Я хотел ему дать книгу в руки, чтобы полистал, если хочет, но он брать и листать не стал, а лишь прикоснулся к обложке двумя пальцами, тогда как «Я никого не ем» по-прежнему держал я. Мне стало смешно. «Возьмите, не бойтесь». — «Да? Вы разрешаете? Знаете, там у вас, я видел, печать какая-то… на титуле… Разрешите взглянуть?» — «Сделайте милость. Это первого владельца, наверное». «Какая прелесть! Какая прелесть! — Он внимательно рассматривал печать на титуле. — Какая прелесть, однако!»

Печать же (однако) была самая обыкновенная — овал, по краям надпись: «Кабинетъ для изученiя массажа и лечебной гимнастики», — а в середине:

«П. Я. Струцъ».

«Уж не родственник ли ваш?» — спросил я попутчика. «Родственник, да не мой». — «А чей?» — «Откуда ж мне знать? — проговорил незнакомец, возвращая книгу. — Вам лучше известно. Я думал, что ваш. Но не ваш. Вижу, не ваш. В принципе все люди родственники. И вы, и я». — «Но вы сказали „какая прелесть“». — «Просто я от печатей, от книг с печатями, сам не свой. Страсть такая во мне… книги с печатями. Я их, знаете ли, коллекционирую… Каких у меня только нет их… с печатями. Извольте».

«Долмат Фомич ЛуночаровОбщество друзей книги»,

— прочитал я на визитной карточке.

Значит, не сумасшедший. Как будто. А то уж подумал. Все может быть.

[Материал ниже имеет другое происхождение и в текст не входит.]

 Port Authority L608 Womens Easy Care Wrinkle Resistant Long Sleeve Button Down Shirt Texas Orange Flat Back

«Вам выражение „маргинальная сфрагистика“ о чем-нибудь говорит?» — спросил Долмат Фомич Луночаров. «Нет, ни о чем». — «Сфрагистика — это наука о печатях, позвольте напомнить, вообще о печатях. А маргинальная сфрагистика-то, чем я занимаюсь. Моя тема».

Я почтительно промолчал.

«Есть у меня Пушкин брокгаузский, великолепнейшее издание… А печать? Не догадаетесь: „Всесоюзный Совет рабочих точного машиностроения. Библиотека завкома имени ОГПУ“. Как вам нравится?» — «Редкий, должно быть, экземпляр», — сказал я уклончиво. «Еще бы. Ваш тоже редкий». — «Вообще-то это не моя книга». — «Я сразу понял». — «Почему?» — «Для приверженца безубойного питания у вас не тот цвет лица, извините. Вы сегодня жарили что-то на свином жире, бьюсь об заклад». — «Верно, картошку…» — «А вчера, не хочу вас обидеть, пили портвейн. Молдавский. Где вы только достали его? Все спирт „Ройяль“ пьют».

«Потрясающе!» — вымолвил я, без дураков потрясенный, ибо действительно был угощаем вчера молдавским розовым.

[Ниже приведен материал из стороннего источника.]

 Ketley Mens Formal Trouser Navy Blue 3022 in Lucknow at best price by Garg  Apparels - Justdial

«Очень был бы признателен вам, — продолжал Долмат Фомич, — если бы вы нашли возможным позволить мне переснять как-нибудь титульный лист этого замечательного экземпляра — с печатью. Верну, верну обязательно!.. В моей коллекции нет ничего касаемо лечебной гимнастики. У меня больше по общественным дисциплинам, по сельскому хозяйству, по искусству…»

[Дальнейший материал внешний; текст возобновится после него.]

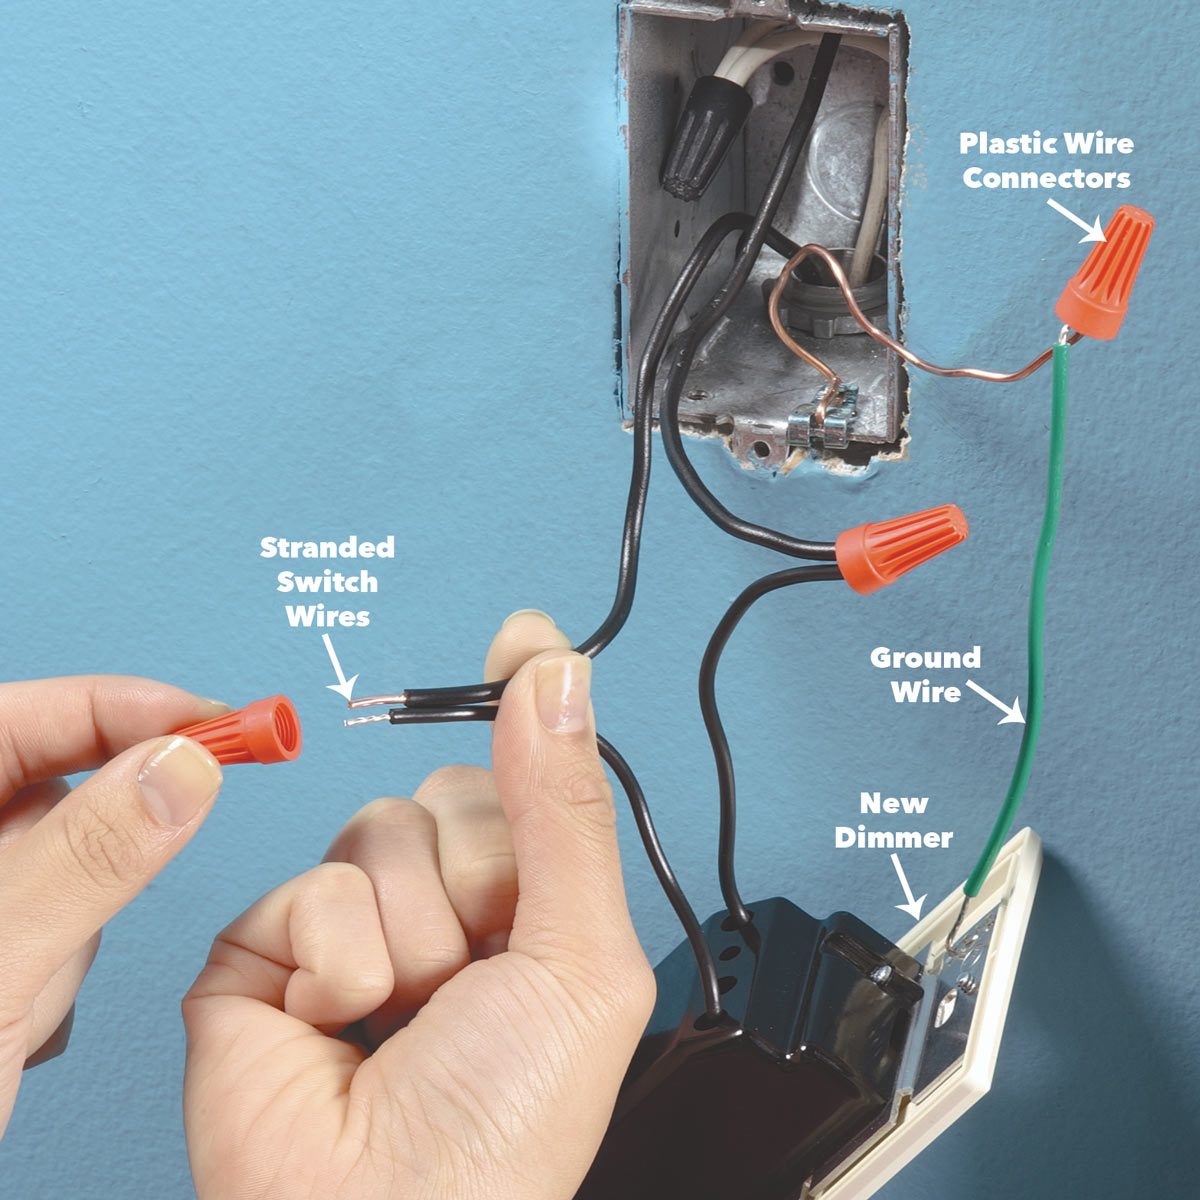 How To Install A Dimmer Light Switch  Wiring And Replacement

Почему же не дать? Я дал ему книгу, пусть переснимет. Он бережно положил ее в кейс. Мой телефон записал и даже адрес, обещал позвонить. Спросил: «Когда лучше — утром? вечером?» — «Утром. Вечером меня не бывает… — „трезвым“ следовало бы добавить. — Только соседям не передавайте, у нас плохие отношения». (Под «соседями» я подразумевал жену с ее не скажу кем.)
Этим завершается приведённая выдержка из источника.